Ever since Reformation, the doctrine of "justification by faith" has been judged to be the criteria by which the church stands or falls. Specifically, the notion that God justifies the ungodly and not the righteous, is a cornerstone of the gospel. God does not announce that the righteous are truly righteous, rather, on the basis of Jesus' atoning death and glorious resurrection, and through the instrument of faith, sinful men and women are incorporated into the new redemptive moment God reveals in his Son. We become right with God because we are clothed with Christ. We are not in the process of becoming righteous, because we are identified with and participate in the Righteous One, we cannot be any more righter than we are.
Although the Protestant conception of justification was forged in a debate with the synergistic sacramentalism of Medieval Catholicism, St. Paul's own formulation of justification by faith was spawned out of his own intrepid debates with Jewish Christian missionaries who believed that Jesus just topped up the Mosaic dispensation. These Jewish Christian missionaries who made their way to Galatia even troubled Paul's Gentile converts by teaching them that they must be circumcised just like Abraham in order to be true children of Abraham. When Paul heard about this he did protest mucheth! For Paul, this was a compromise on what the Jerusalem council agreed (Acts 15) and more heinously, it was a direct affront to the gospel that both he and Peter preached (see Galatians 2). The Jewish Christian missionaries were basically advocating that you have to become a Jew in order to become a Christian. Paul's response was an emphatic, "No!" by pointing out that Abraham was right with God before he was circumcised.

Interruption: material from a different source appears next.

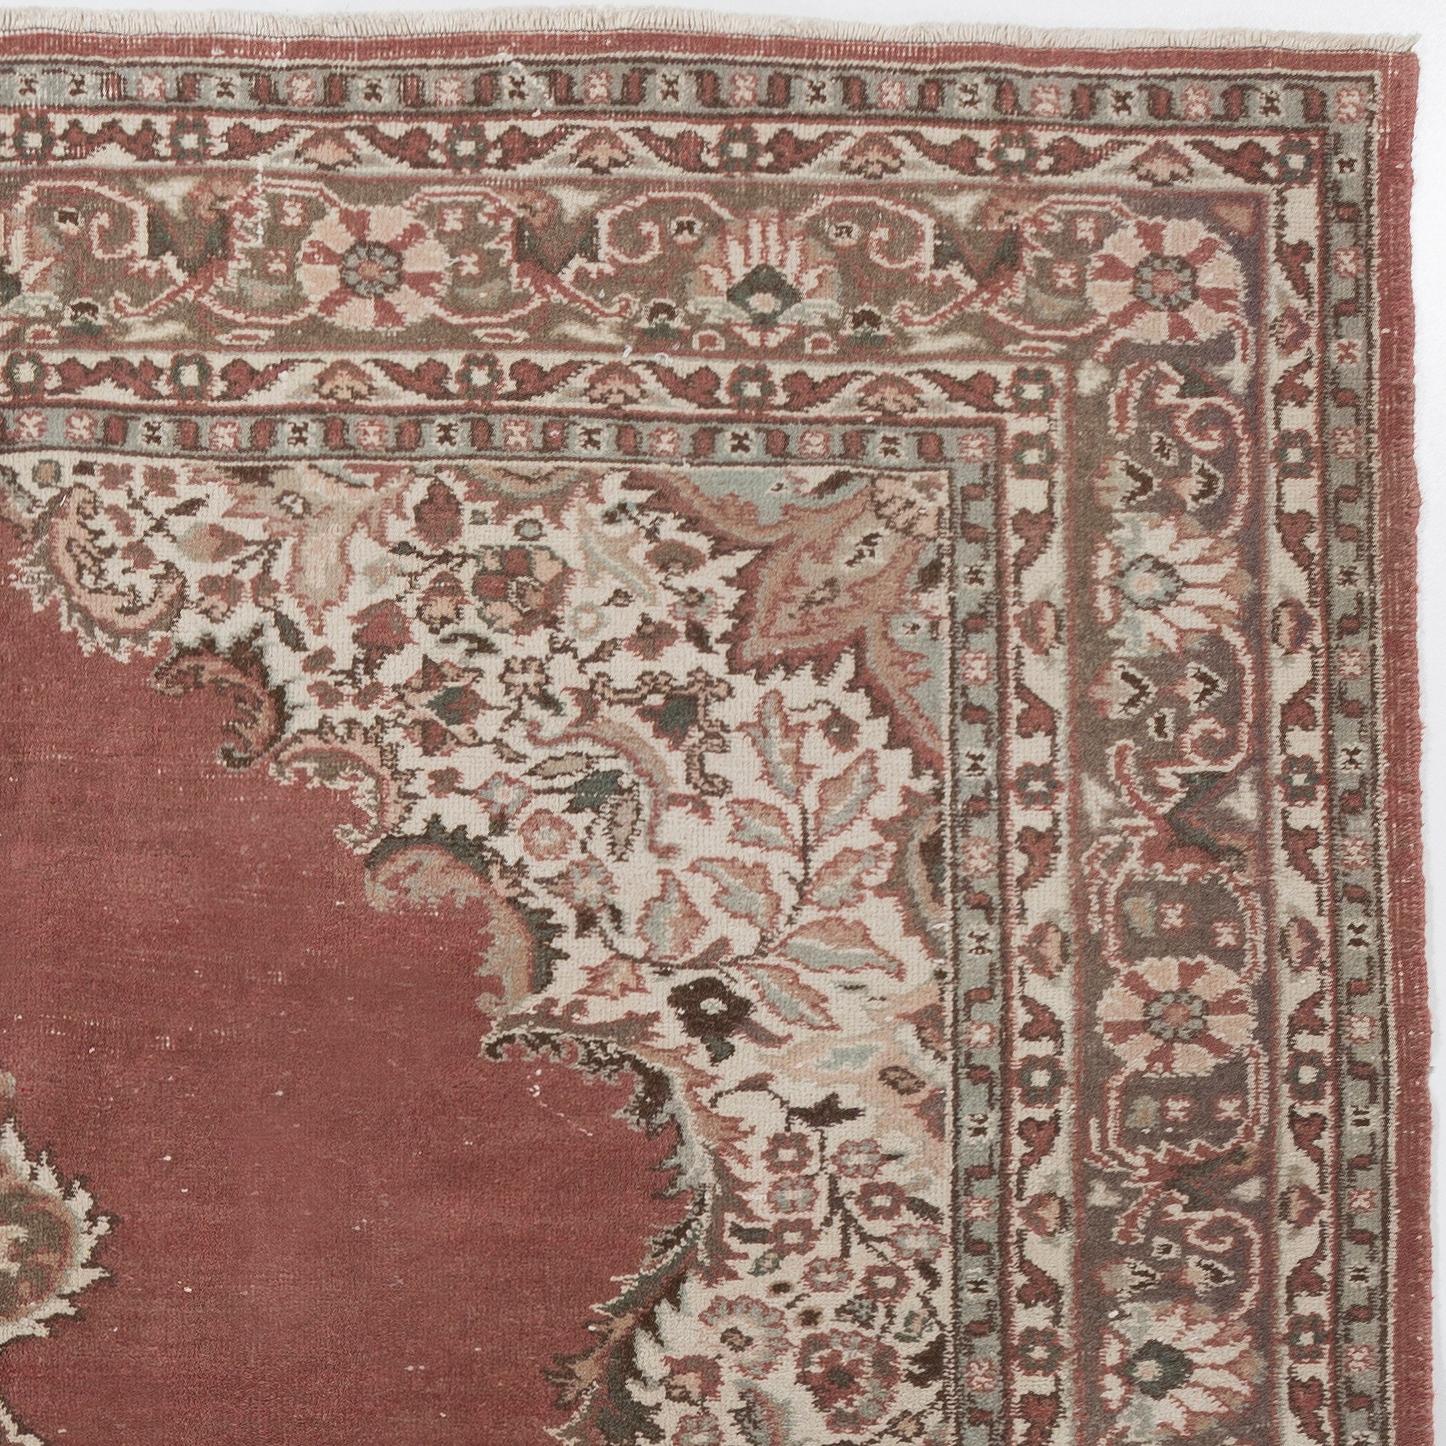 Ce tapis turc vintage finement noué à la main date des années 1960 et présente un motif de médaillon. Le tapis a même des poils bas en laine sur une base en coton. Il est lourd et repose à plat sur le sol, en très bon état et sans problème. Il a été
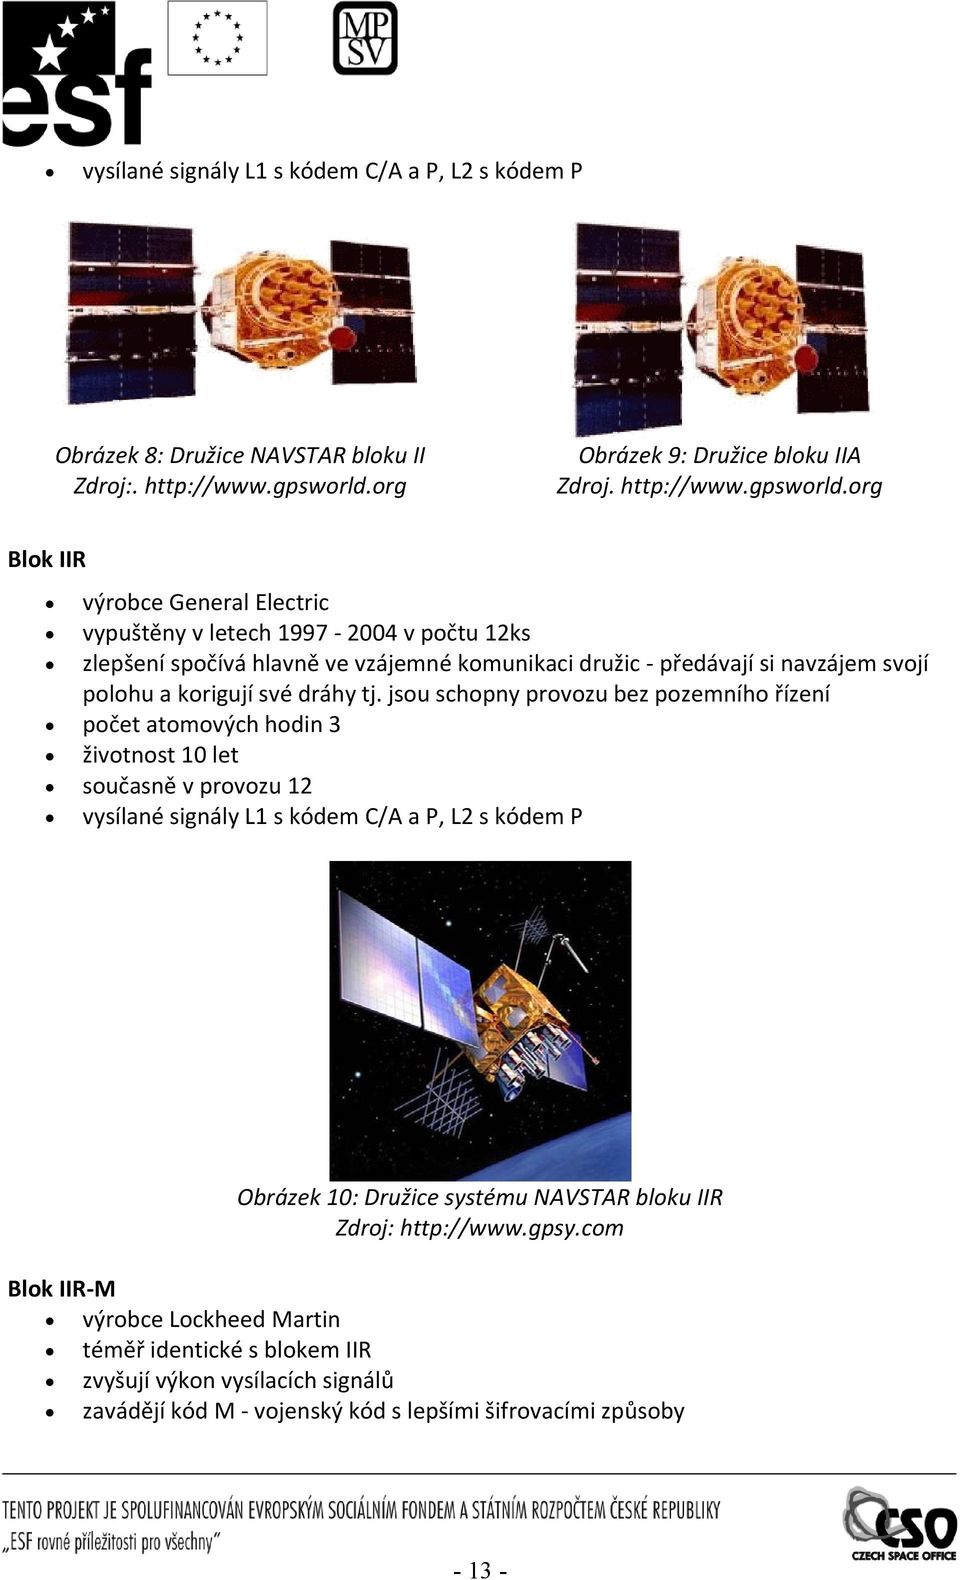 org Blok IIR výrobce General Elecric vypušěny v leech 1997 2004 v poču 12ks zlepšení spočívá hlavně ve vzájemné komunikaci družic předávají si navzájem svojí polohu a korigují své

Abraham is not the exemplary proselyte, but the exemplary man of faith (see Galatians 3 and Romans 4). But note that while St. Paul is attacking something we might call broadly "legalism," in another sense he was attacking a view that was ethnocentric. Paul's interlocutors believed that ethnic Israel was the locus of salvation and beyond the ethnicity, ethics, and ethos of Israel there was no salvation. While Paul agrees that salvation is "Israel-shaped," nonetheless, he recognized that God's intention was always to reach the world through Israel, so that the Gentiles might share in the blessings of Abraham (see Rom 15:8-9).
Thus, Paul's teaching about justification is really a great doctrine for the unity of the church, for unity among Jews and Gentiles, slave and free, male and female, where Christ is worshipped by people of every tribe, tongue, and nation. What is more, what binds them together in Christ is infinitely stronger than anything that can rip them apart. Ethnicity, race, and colour are no longer a barrier to fellowship. For we are all "one" in Christ Jesus, as the Keswick Conventions rightly advocate. This point was driven home to me when I read about the tragic story of a church in Rwanda during the genocide that took place in the early 1990's. Here Hutus and Tutsi tribesmen were killing each other in an appalling state of affairs. But one church refused to be drawn into the violent tribalism. Here is the story:
The history of the church provides numerous impressive testimonies of the power of the gospel to break down the wall of separation between different races and cultures. One of the most remarkable stories of this kind from recent history, emerged from the bloody conflict in Rwanda, where in 1994 members of the Hutu tribe carried out mass murders of the Tutsi tribes. At the town of Ruhanga, fifteen kilometers outside Kigali, a group of 13,500 Christians had gathered for refuge. They were of various denominations: Anglicans, Roman Catholics, Pentecostals, Baptists, and others. According to the account of a witness to the scene, “When the militias came, they ordered the Hutus and Tutsis to separate themselves by tribe. The people refused and declared that they were all one in Christ, and for that they were all killed,” gunned down en masse and dumped into mass graves. It is a disturbing story, but it is also a compelling witness to the power of the gospel to overcome ethnic division. Paul would have regarded these Rwanda martyrs as faithful witnesses to the truth of the gospel. Having been ‘crucified with Christ,’ they preferred to die rather than to deny the grace of God that had made them one in Christ.”
Cited in Richard Hays, “Galatians,” in New Interpreters Bible, 11:248 from E. Thomas, “Can These Bones Live?” SOMA (Sharing of Ministries Abroad) Newsletter (Oct 15, 1996): 1-15.
If we are to ask what "justification by faith" looks like in our churches today, it would be a church that announces that "God justifies the ungodly" and "we are all one in Christ Jesus"! May it be so!!